Structure and Biogenesis of Lipid Droplets

The LD has a unique architecture befitting a dedicated lipid-storage organelle. Generally, LDs are simple structures surrounded by an endoplasmic reticulum (ER)-derived phospholipid monolayer and decorated by a limited but dynamically changing proteome.[8] The proteins on the surface of the LD are thus essential for coordination with various cytoplasmic machineries to promote further expansions in the size of the droplet, or as detailed below, the catabolism of the droplet under appropriate conditions. Within the interior of the hepatocellular LD is a neutral lipid core consisting primarily of triacylglycerol (TAG) and cholesteryl ester (CE) or retinyl ester (RE). These lipid species are each synthesized by dedicated ER-localized acyltransferases—attractive targets for interfering with aberrant lipid accumulation in fatty liver disease.

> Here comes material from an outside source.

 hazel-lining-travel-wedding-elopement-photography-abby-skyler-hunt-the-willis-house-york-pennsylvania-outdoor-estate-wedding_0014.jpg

Neutral Lipid Biosynthesis

The terminal step of triglyceride biosynthesis is catalyzed by an esterification reaction between fatty acyl-CoA and diacylglycerol by two acyl-CoA:diacylglycerol acyltransferases (DGAT1 and DGAT2). Evolutionarily distinct, these enzymes catalyze the same reaction but are thought to play differing contributions to the biogenesis of LDs. DGAT1 appears to be responsible for only a minor contribution to LD biogenesis, perhaps playing a more important role in the repackaging of excess FFAs in an effort to thwart lipotoxicity and possibly a larger role in intestinal TAG synthesis.[9] [10] [11] An examination of DGAT1 null mice found decreases in adipose tissue levels, increased insulin sensitivity, and resistance to diet-induced hepatic steatosis.[12] [13] These promising findings resulted in the subsequent development of DGAT1-targeted pharmacological inhibitors for use in humans; however, owing to the onset of intolerable side effects, these treatments are currently thought to be of questionable utility.[14] Mutations in DGAT1 have since been identified in humans that result in reduced protein levels and are correlated with congenital diarrhea, suggesting that alterations in the function of DGAT1 result in much different phenotypes between mice and humans.[10] [15] The second isoform, DGAT2, is highly expressed in the liver and is thought to be the predominant isoform with regard to storage of triglycerides. Owing to a unique membrane topology that is very different from DGAT1, this isoform is able to simultaneously associate with both the ER and the LD.[16] Whole-animal knockouts of DGAT2 are lipopenic and die shortly following birth, likely due to insufficient triglyceride stores.[17] Studies in mouse models of obesity have found that reductions in DGAT2 expression by antisense oligonucleotide treatment result in improvements to liver steatosis but also exacerbate the onset of hepatic fibrosis.[18] [19] Like studies with DGAT1, however, the translatability of DGAT2 inhibition from rodent studies to higher mammals has had inconclusive results, with a recent study in nonhuman primates showing that acute or chronic DGAT2 inhibition had no significant effect on triglyceride metabolism.[20] Clearly, more work will be required to understand how each of these enzymes central to LD biogenesis cooperates to promote hepatic TAG synthesis and how they might be targeted to stem lipid accumulation in NAFLD.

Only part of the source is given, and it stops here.